2. But second, while those involved in the EPA process are at one level open about the process, at another level they are profoundly dissembling. For instance, the EPA fails to mention that the "Group A" status for ETS was arrived at using a process that violates its own Guidelines for Carcinogenic Risk Assessment. Rather than acknowledging that this suggested that both the substance of its findings and the process were corrupt, the Science Advisory Board reviewing the ETS issue argued that this suggested a need: not that ETS posed no threat to the health of nonsmokers, but rather that the Guidelines for Carcinogenic Risk Assessment be changed. Given that the right conclusion must be reached and the data do not support that conclusion, one must manipulate the data and revise the guidelines governing the process and the conclusion.

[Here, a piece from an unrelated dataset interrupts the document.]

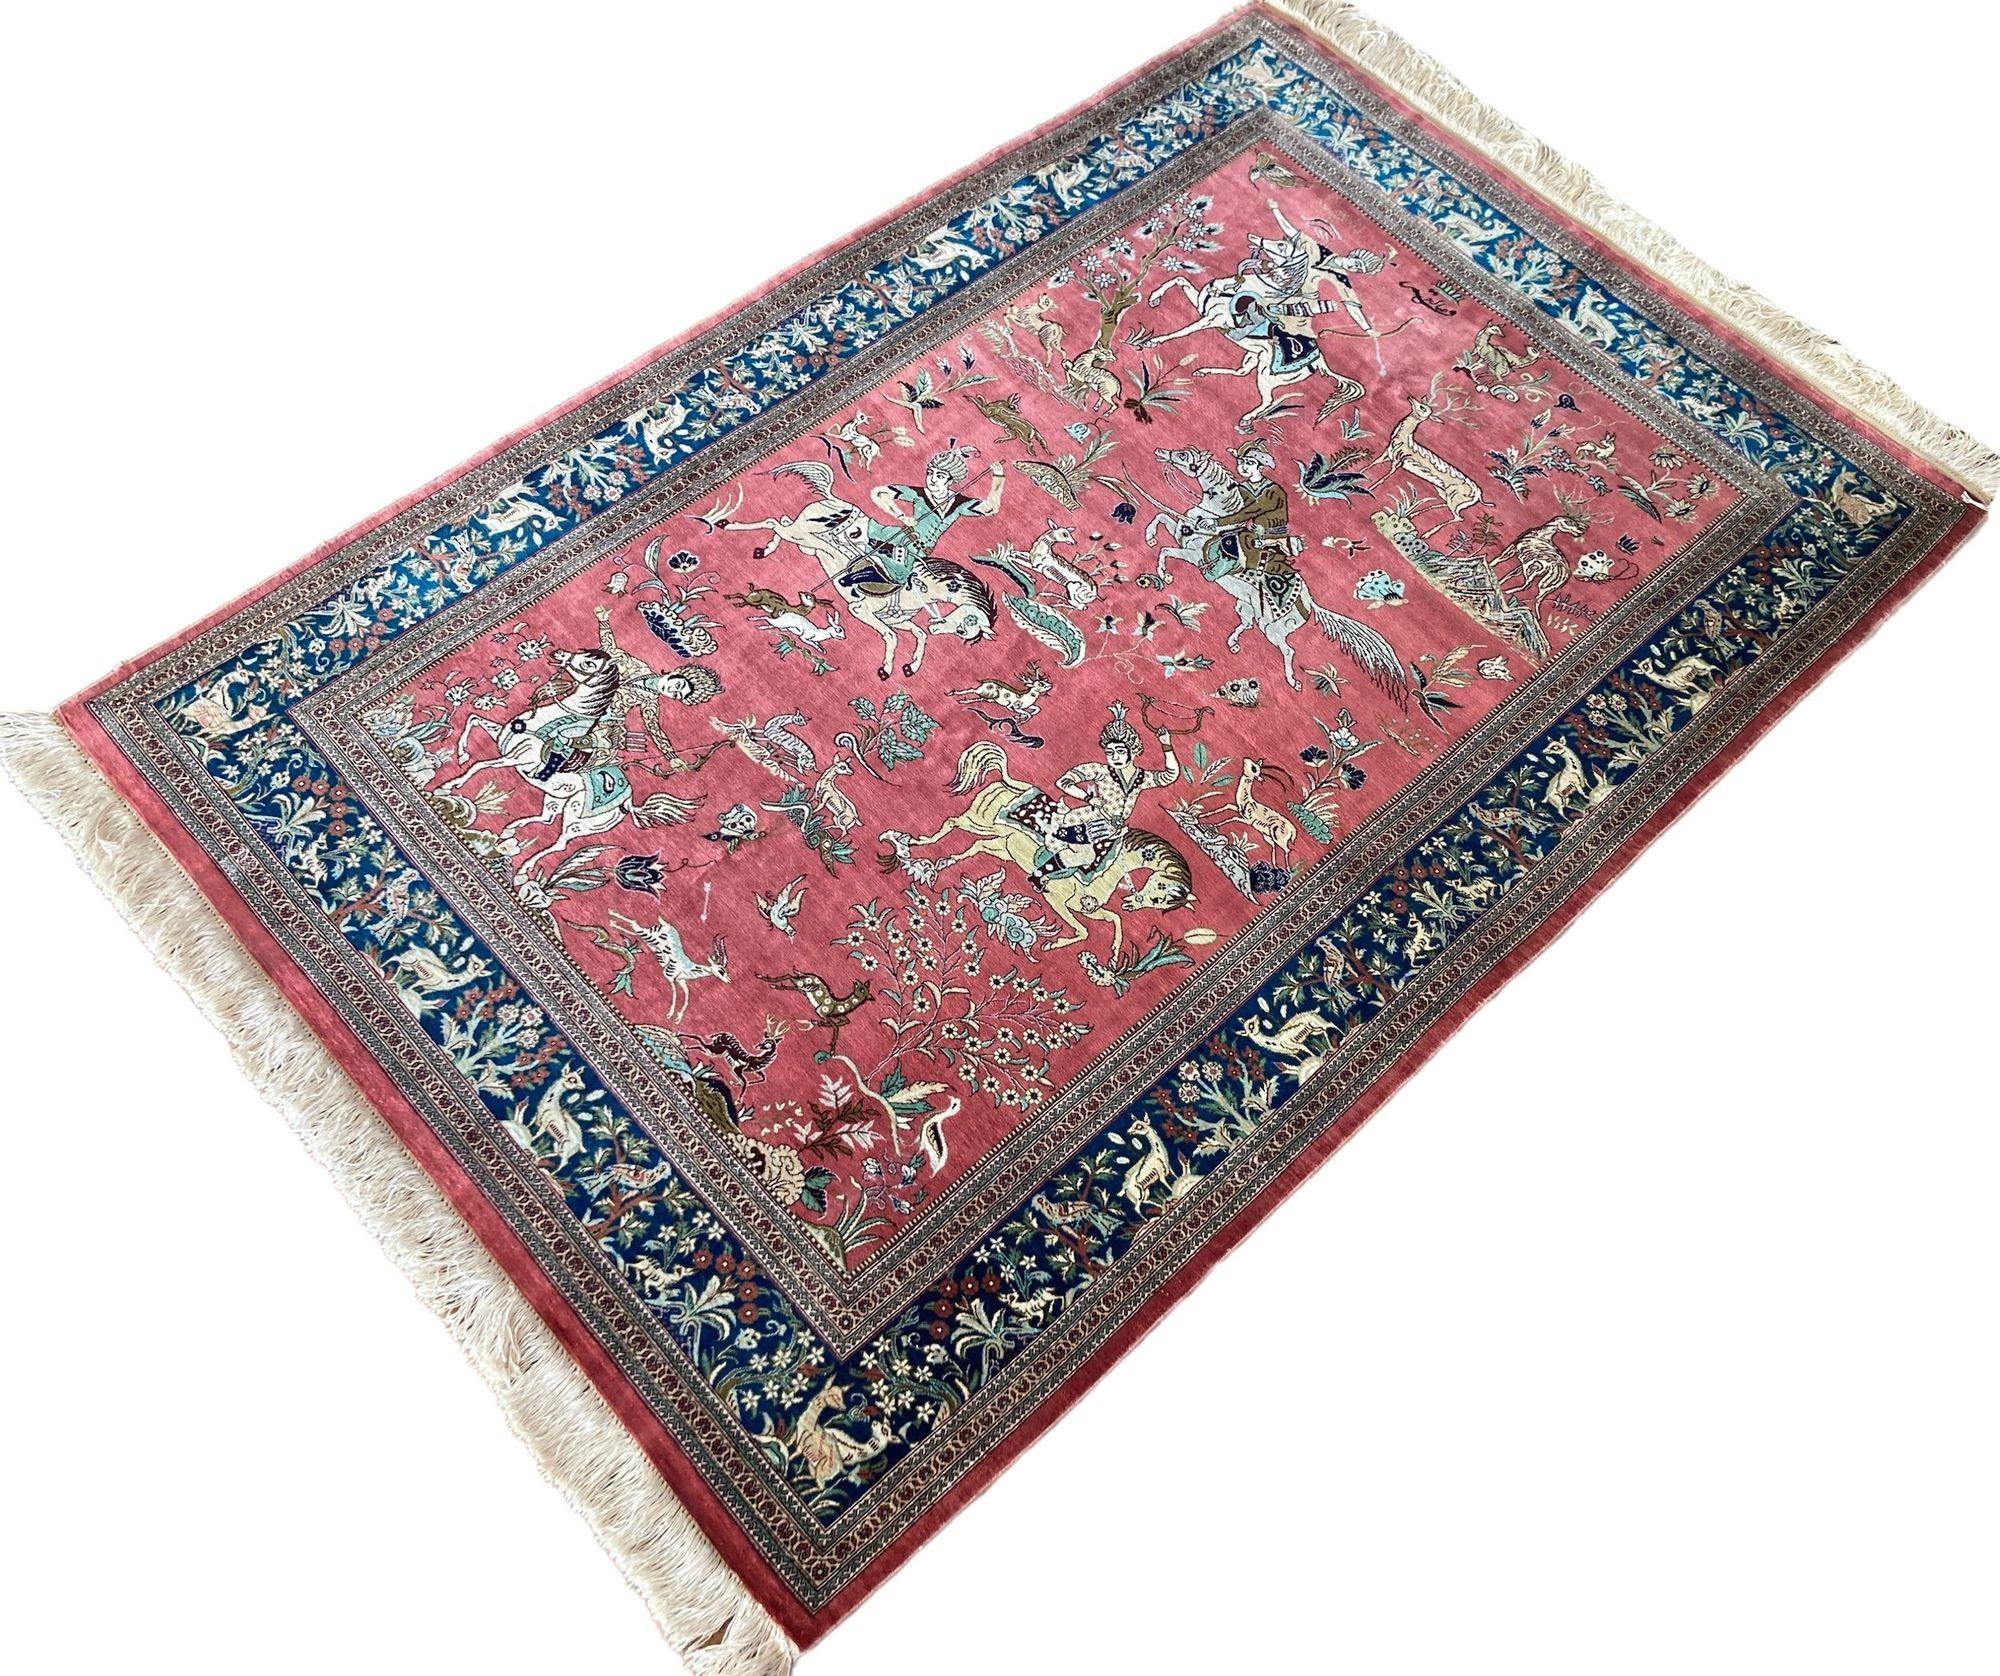 A very fine silk Qum rug, handwoven circa 1980 with a traditional hunting scene on a rose field and blue border. Exceptionally fine with 10x10 knots per centimetre. The figures are particularly interesting with the saddles and jackets having

3. Third, the ETS risk assessment process has been corrupted from theoutset by the fact that it has repeatedly violated the standards of objectivity that prevail in legitimate science by utilizing individuals with anti-smoking biases. One member of the group working on the ETS issue at the EPA is an active member of U.S. anti-smoking organizations, while the Science Advisory Board that examined the EPA's ETS work included not only a leading anti-smoking activist, but several others strongly opposed to tobacco use.Finally, the EPA contracted some of the work on certain documents related to the ETS risk assessment to one of the founders of a leading anti-smoking group.

4. Fourth, the EPA changed the accepted scientific standard with respect to confidence intervals, without offering any compelling justification, in order to make its substantive findings statistically significant.

5. Fifth, the EPA's Workplace Policy Guide which as a policy document would, in the course of normal scientific process, be developed only after the scientific evidence was in, was actually written before the scientific risk assessment was even completed, let alone reviewed and finalized. Quite obviously, science was made to fit with policy, rather than policy with science.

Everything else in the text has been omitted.